Curiously enough, Charlotte Brontë, while uttering the first feminine protest, seems to have slipped back somewhat on this question. Taking for text Anne Elliot’s claim that women love longer without hope or life, she demands, even for Shirley, a male “master.” The explanation of this attitude was partly temperament—since women of vigorous intellect always need a flesh and blood prophet (witness Harriet Martineau and George Eliot): and it arose partly from her individual circumstances. The men of her family were, in different ways, exasperatingly weak; the “strong” men of her native moorlands were naturally domineering: her imagination was stirred, and her mind trained, by the Belgian Professor, Monsieur Heger, who was her master—technically, and who—as we learn from independent testimony—always took a delight in scolding his pupils. We do not, to-day, admire the feminine footstool; nevertheless Charlotte Brontë’s heroines have strong individual character, and are much given to defying the world. The type will never become popular in fiction, it is too angular intellectually, and too discontented. The quality of physical plainness has been seldom adopted by novelists, male or female. But in Shirley Miss Brontë generously abandons many of her favourite ideals, for both heroines. The types are mixed here; and we must feel that had circumstances encouraged a larger output, we might be compelled to modify many of our conclusions. It remains a fact that the authoress of Jane Eyre and Villette does not stand in the direct line of progress: save that she introduces the awakening of women to serious topics, and proves them intent not merely on self-revelation, but on reform. Her central inspiration, however, is passion: which no woman had hitherto handled; which few have since so powerfully portrayed.

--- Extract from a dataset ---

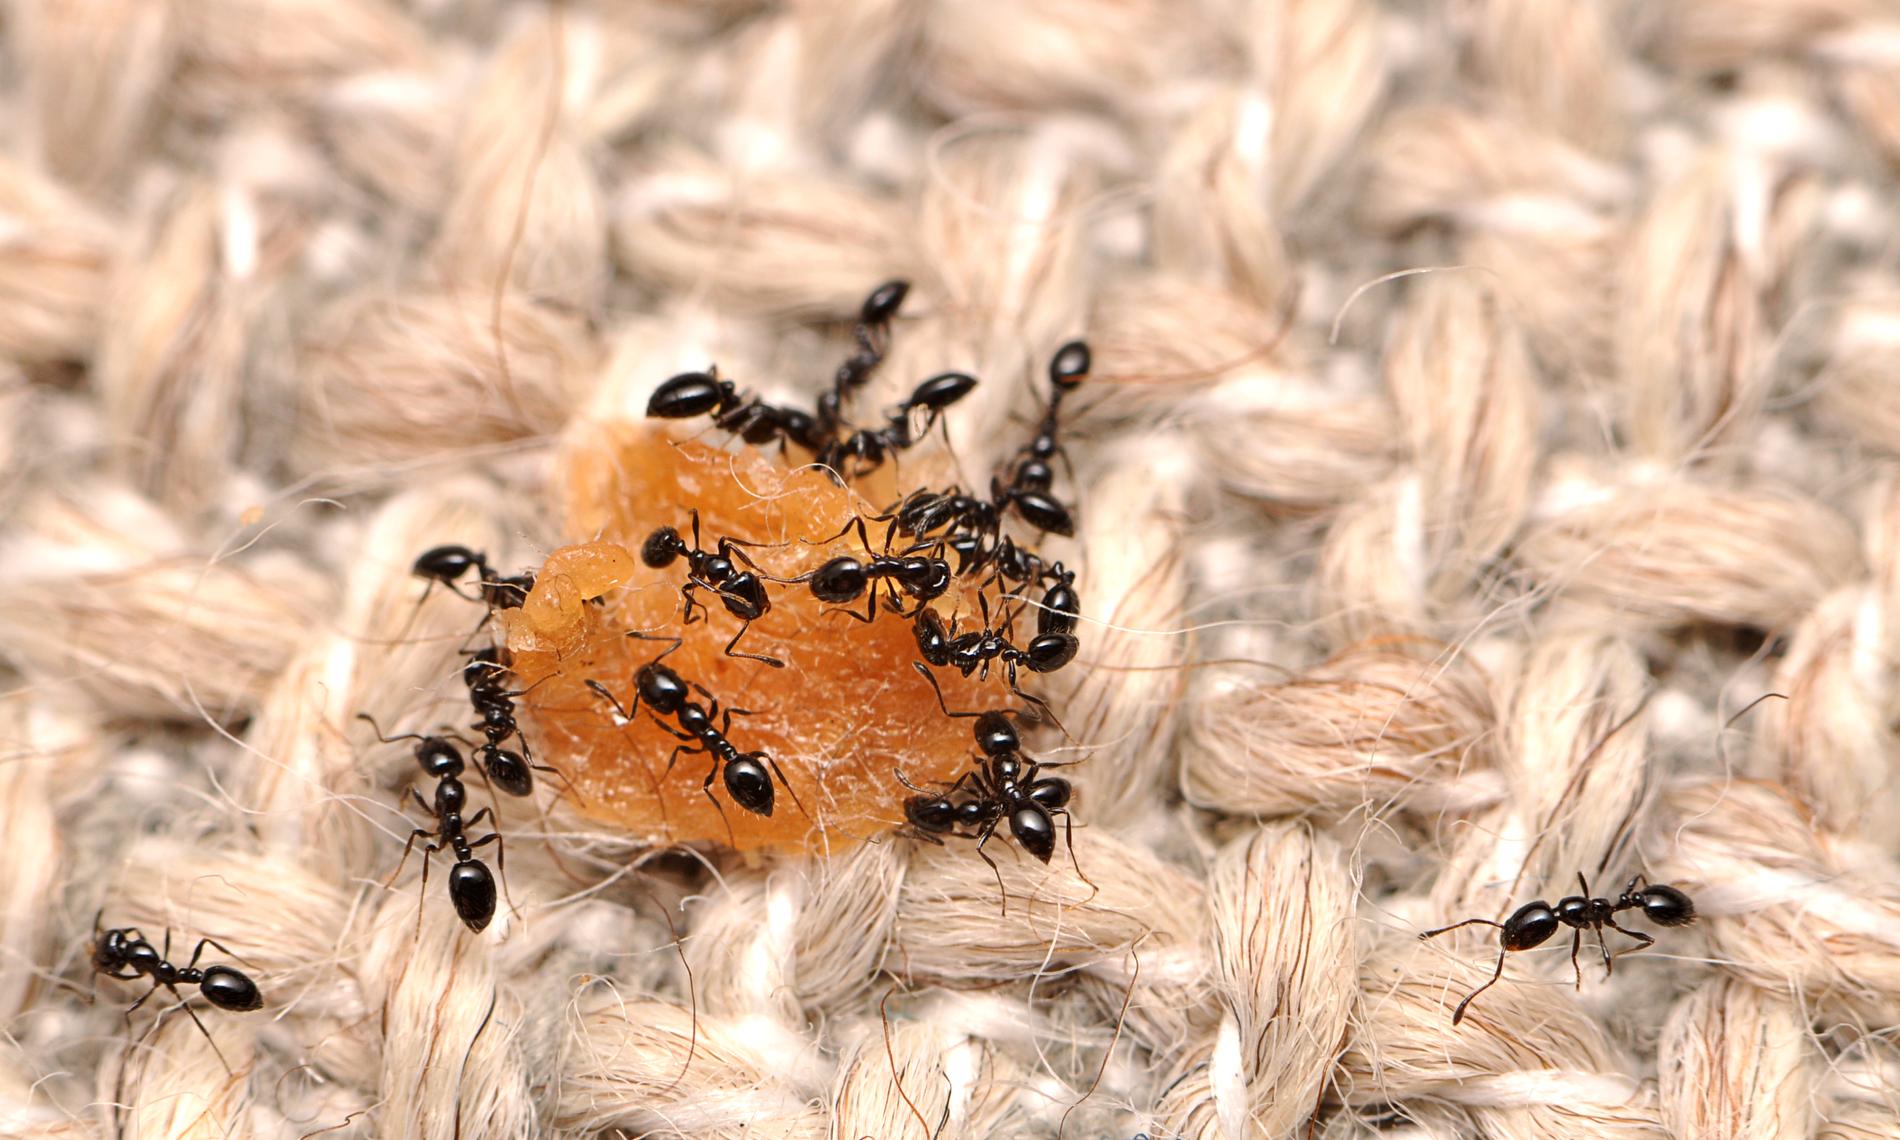 Myror som festar loss på en matsmula, inte helt ovanligt i våra hem. Arkivbild.

It is not easy, even if possible, to summarise the more complex, and much varied, ideals of womanhood exhibited by George Eliot. Each of her heroines is a study from life; and, by this time, women were not all created in one pattern. Again, we can scarcely say that she has given us a heroine in Adam Bede, whereas Middlemarch might claim to offer three. Maggie Tulliver shows little resemblance to Romola. Yet, undoubtedly, George Eliot had more conscious, and more definite, theories on women than any of her predecessors: she deliberately set out to expound and enforce them.

We are tempted, however, to conclude that her favourite ideal was self-sacrifice. Her outlook was inclined to be melancholy; and she introduces us to that struggle between temperament and circumstances which is the keynote of modern fiction, forming the problem novel. In Fanny Burney and Jane Austen the heroine was simply more refined, or more sensible, than her family; and the story was founded on this difference. In George Eliot each heroine has her own temperament and her own set of circumstances which create her own problem. Women are now no longer concerned only with manners and delicacy: they have entered into life as a whole. The central fact, which may be seen in the earliest women-writers, is now expressed and deliberately put forward—that their moral standard is higher than men’s, that they have been treated unfairly by the world. Charlotte Brontë had emphasised this protest on one question, George Eliot applies it everywhere.